В свете такой, принципиально близкой христианству, антропологии Вышеславцев развивал «философию преображения» всех стихийных сил человеческой души. Мыслитель показывал, что христианин не может и не призван обожествлять закон и делать тотальное подчинение закону путем своего личного существования. Ибо закон — только абстрактная негативная норма, запрещающая преступление, подавляющая человеческую энергетику, но лишенная творческой силы, в то время как физическая, психическая, духовная энергия личности имеет огромное жизненное значение. Именуя вслед за Платоном эту энергию «Эросом», Вышеславцев уточняет, что Эрос у Платона означает функцию стремления человеческой души, направленную на возрастание полноценности бытия, и может быть понимаем как рождение в красоте, влюбленность в жизнь, жажда полноты существования, устремленность к Богочеловечности, к воскресению, к совершенной и вечной жизни. Следовательно, желания и страсти человеческие требуют не подавления, а очищения, возвышения, преображения, сублимации. В восточно-христианском богословии Вышеславцев находит наивысшее завершение учения Платона об Эросе. «Небесная Иерархия» Дионисия Ареопагита суть грандиозная система «сублимации», то есть возведения низшего к высшему силою Эроса, действующего на физическом, душевном, духовном, ангельском и Божественному уровнях бытия. Идея сублимации страстей, преображения и спасения мира, верно утверждает философ, ярко противопоставляет христианскую аскетику и мистику всей нехристианской — индийской, неоплатонической, гностической, стоической, которая проповедует подавление страстей и отрицание мира.

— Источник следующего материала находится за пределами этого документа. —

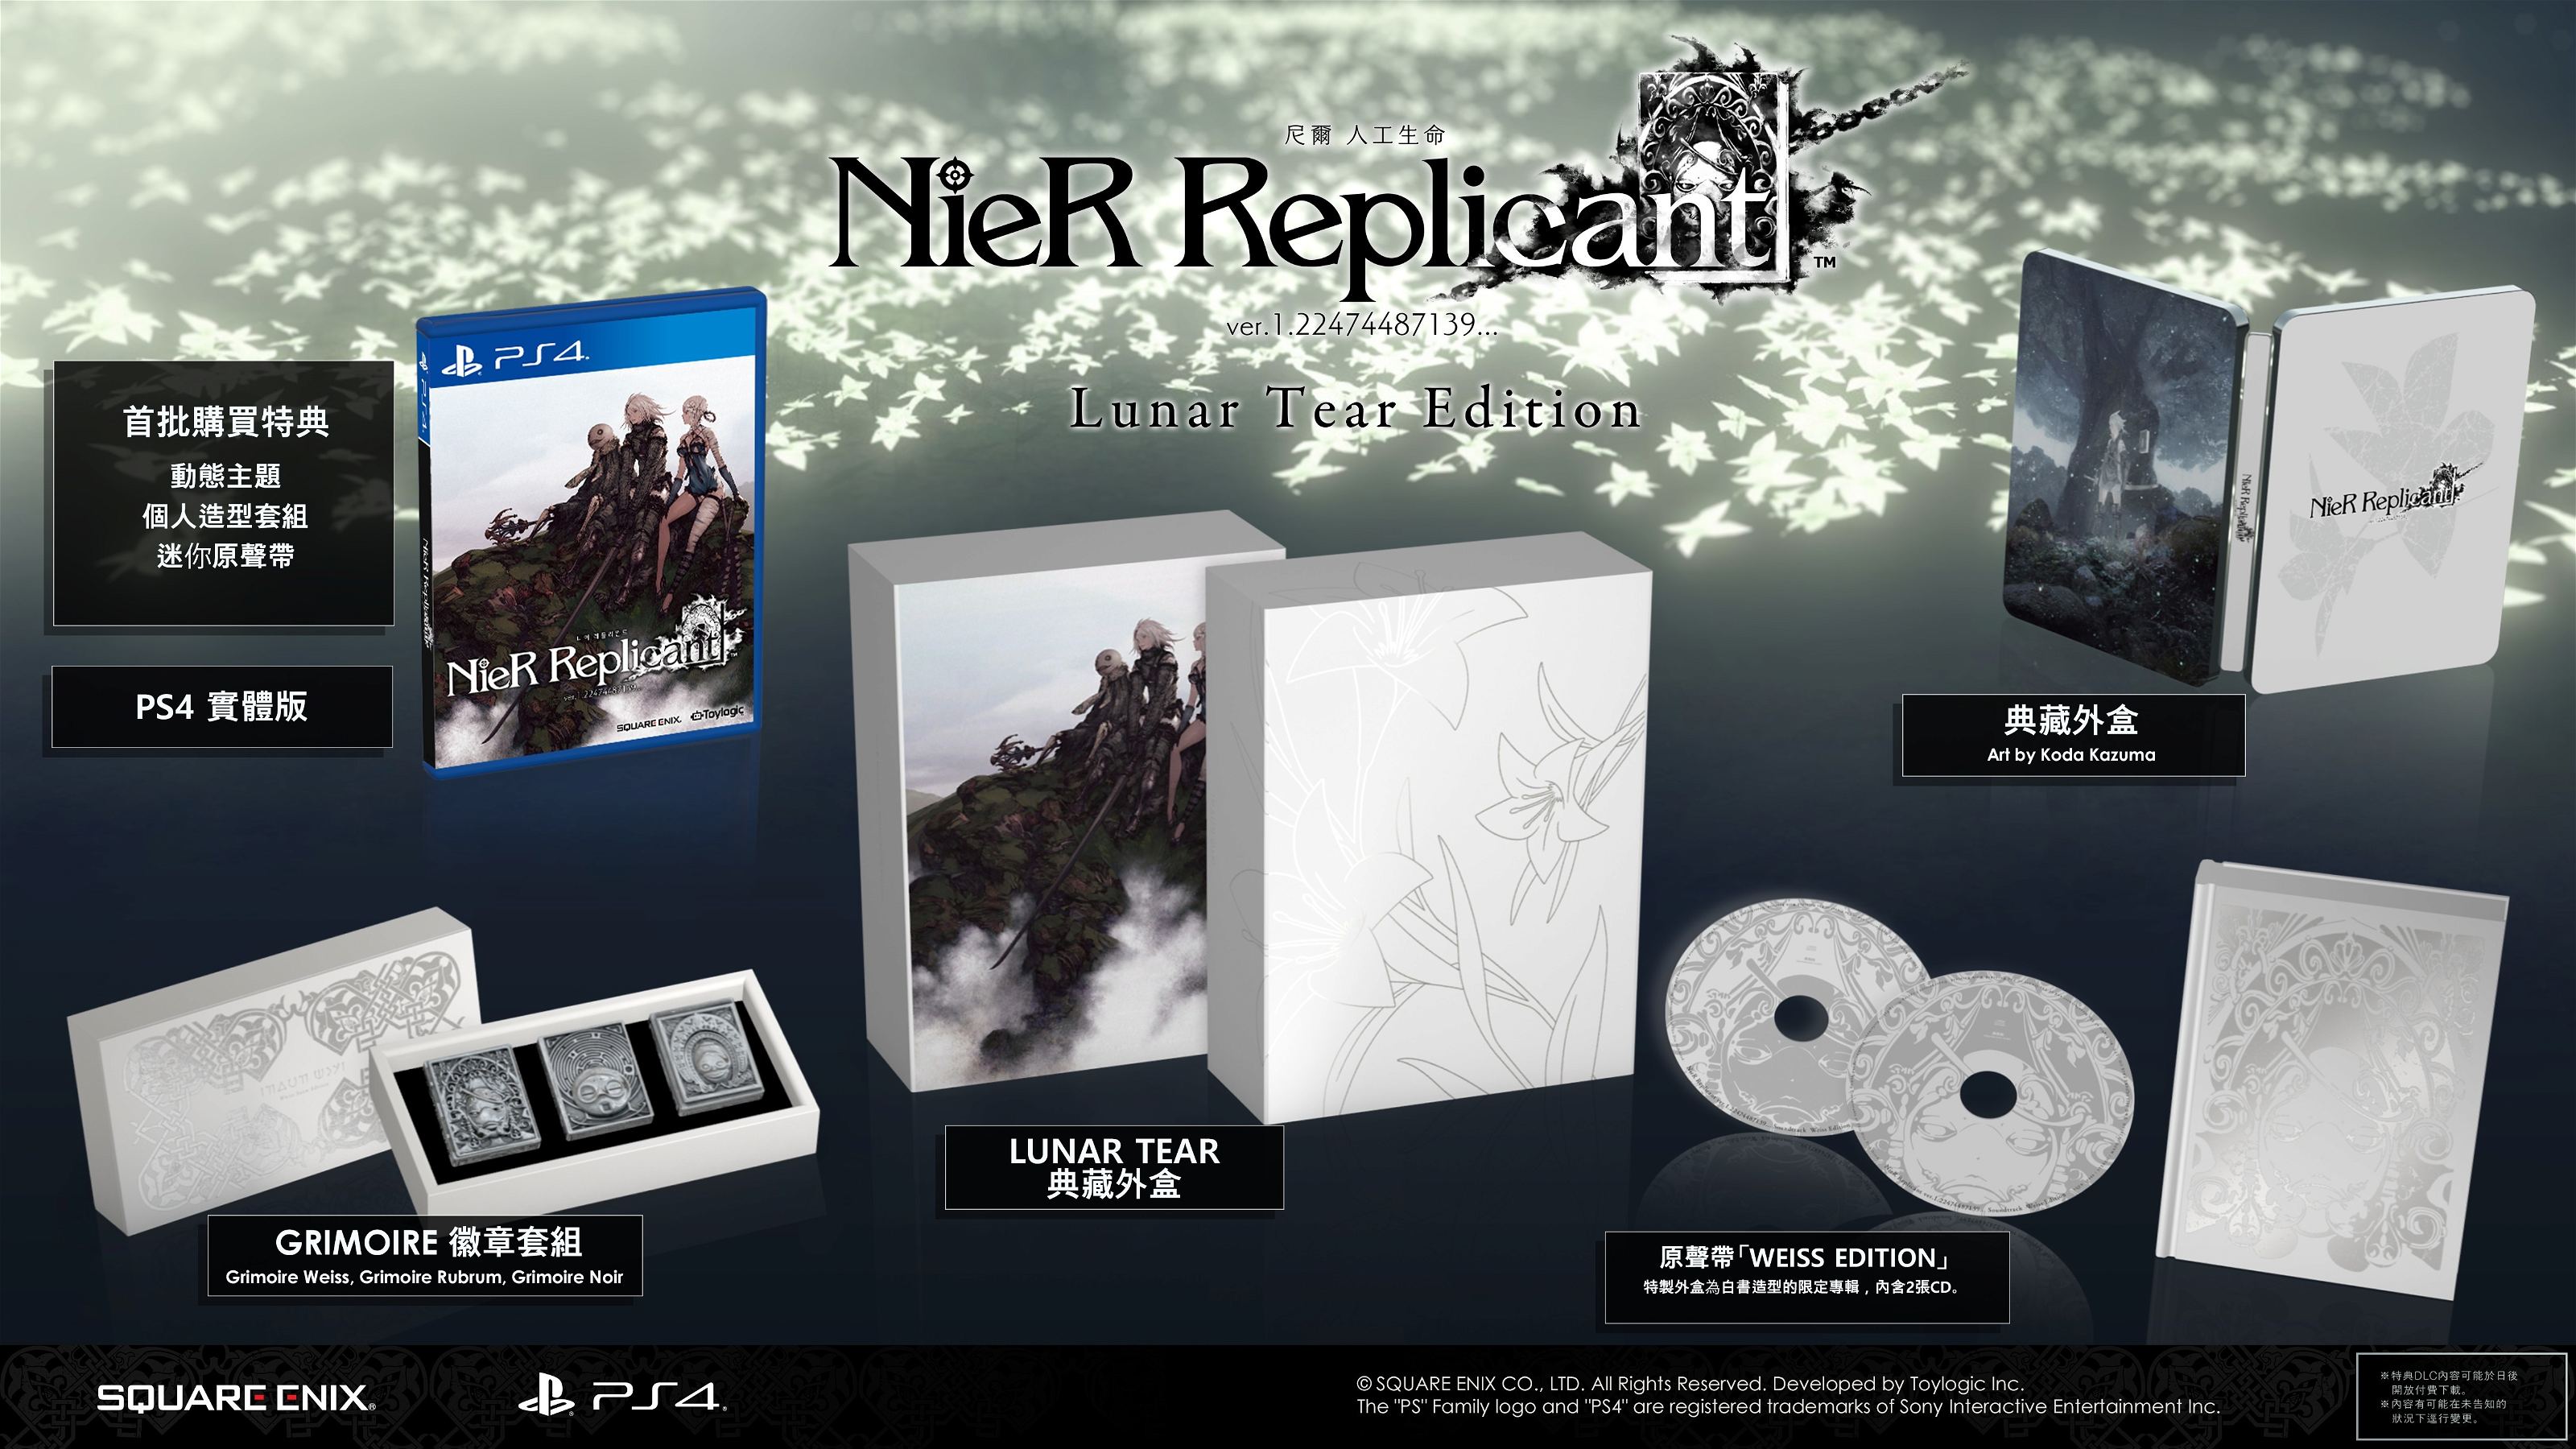 NieR Replicant ver.1.22474487139…, Square Enix, PlayStation 4

Основополагающее условие сублимации Вышеславцев видел не столько в реальности Абсолюта и в фундаментальной зависимости человеческой самости от абсолютного, сколько в Боговоплощении, явившем человечеству Образ Божий, излучающий сияние святости. Только Богочеловек — Христос, вызывающий мистический трепет и проникающий своей духовной силой в сокровенные глубины сердца, способен сублимировать в предельном смысле. Лишь Боговоплощенность обусловливает то, что высшие духовно-нравственные ценности предстают перед духом христианина не в форме абстрактных понятий, а как личностно-конкретные проявления жизни Христа и святых, способные внушать любовь к Богу, вдохновлять человеческое воображение, побуждать человеческую волю к истине, добру и красоте, тем самым способствуя возвышению Эроса.

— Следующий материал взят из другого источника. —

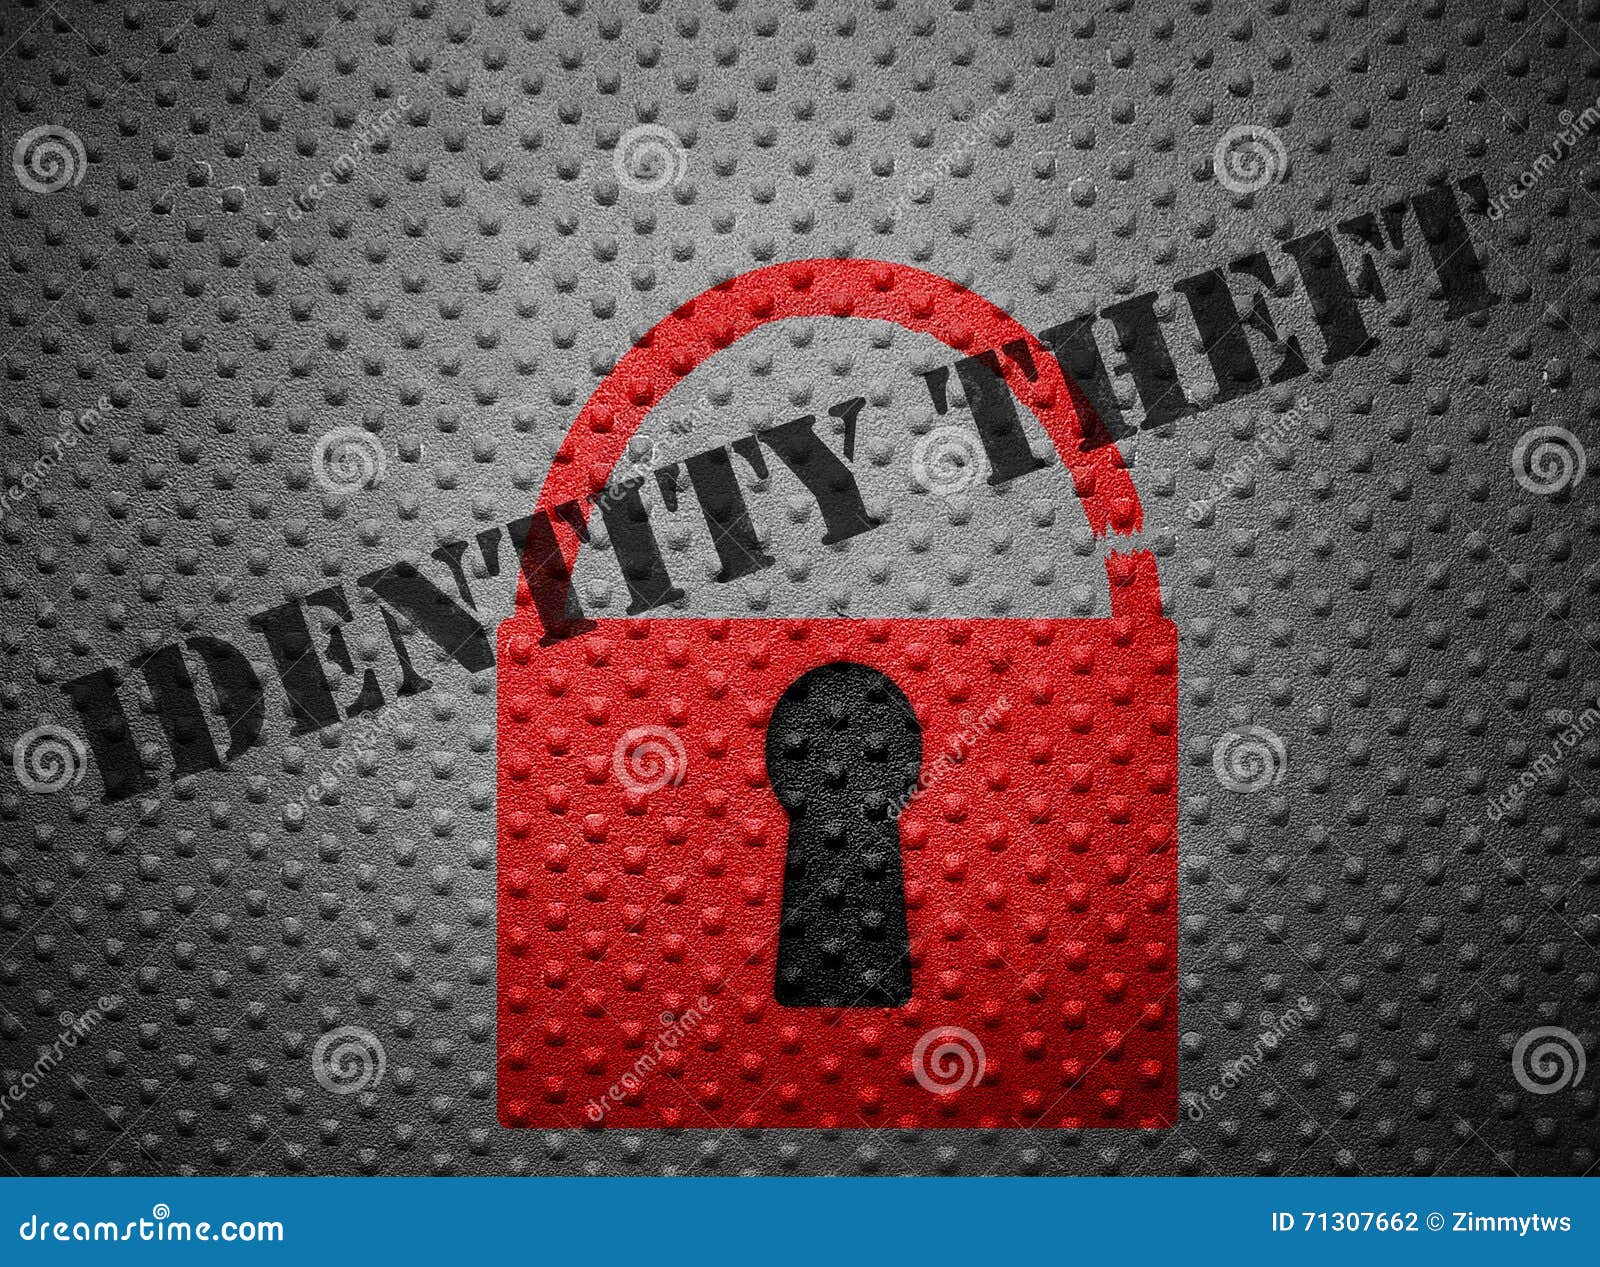 identity theft lock

Центральное значение в процессе сублимации Вышеславцев придавал волевому импульсу. Не само по себе воображение и сопереживание высшим ценностям, а свободная воля, изменяющая ход жизни, определяет способность продвижения человеческой личности по пути сублимации страстей. Поэтому первостепенную роль в этом смысле играют акты преображения свободы, преображения самого человеческого произвола, предполагающего направленность и духовное качество жизненной энергии. Так как сублимация свободы завершает и обосновывает весь процесс сублимации, то Вышеславцев логично утверждает, что «сублимируется в конечном счете свобода и только свобода».

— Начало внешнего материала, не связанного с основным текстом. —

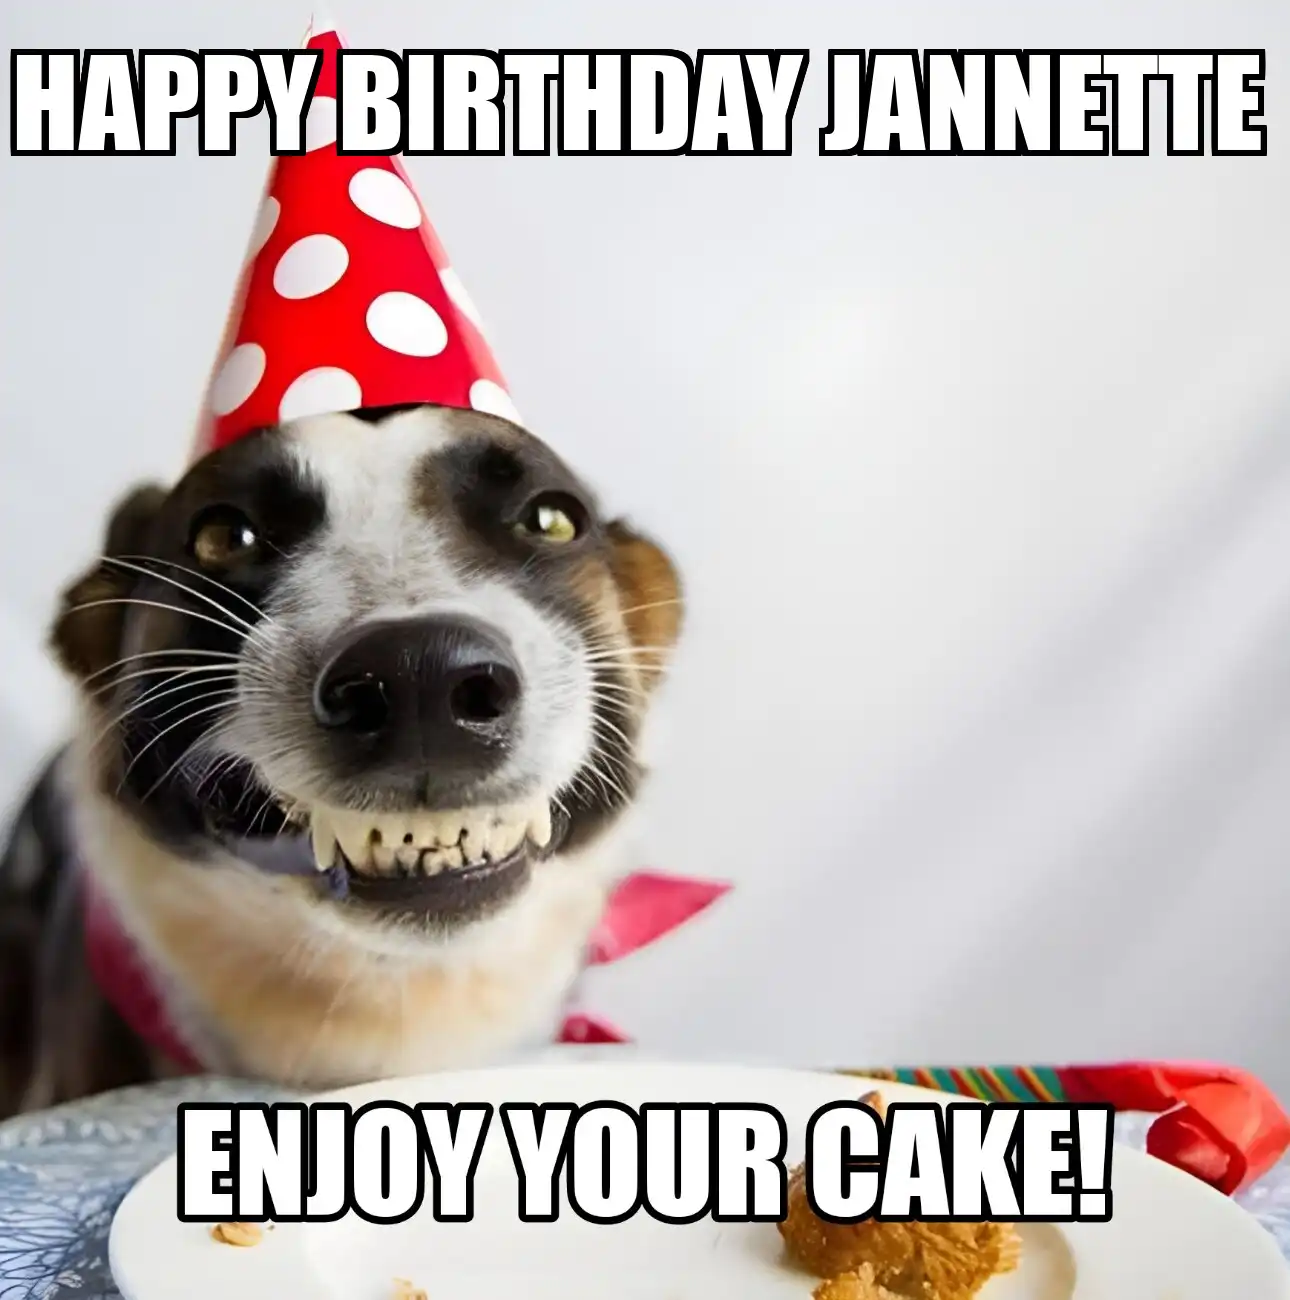 Happy Birthday Jannette Enjoy Your Cake Dog Meme

Рассматривая акт преображения свободы, философ подчеркивает, что это чисто духовный процесс, лишенный какой-либо принудительной механики, ибо святость и высшие ценности не отрицают свободы, не навязывают себя, а предлагают себя избрать. Они существуют как таковые только в стихии свободного принятия, человеческая свобода же остается самою собой лишь опираясь на безусловные ценности, ибо последние обусловливают способность личности быть независимой от стихийных импульсов внешнего мира и психологического порядка. По сути дела, заключает Вышеславцев, различие между несублимированной и сублимированной свободой тождественно различию между свободой произвола и свободой творчества. Переход от первой ко второй и есть преображение свободы. Причем произвол, как необходимый момент свободного действия, не уничтожается, а сохраняется на уровне творческой свободы, определившей себя через признание святыни.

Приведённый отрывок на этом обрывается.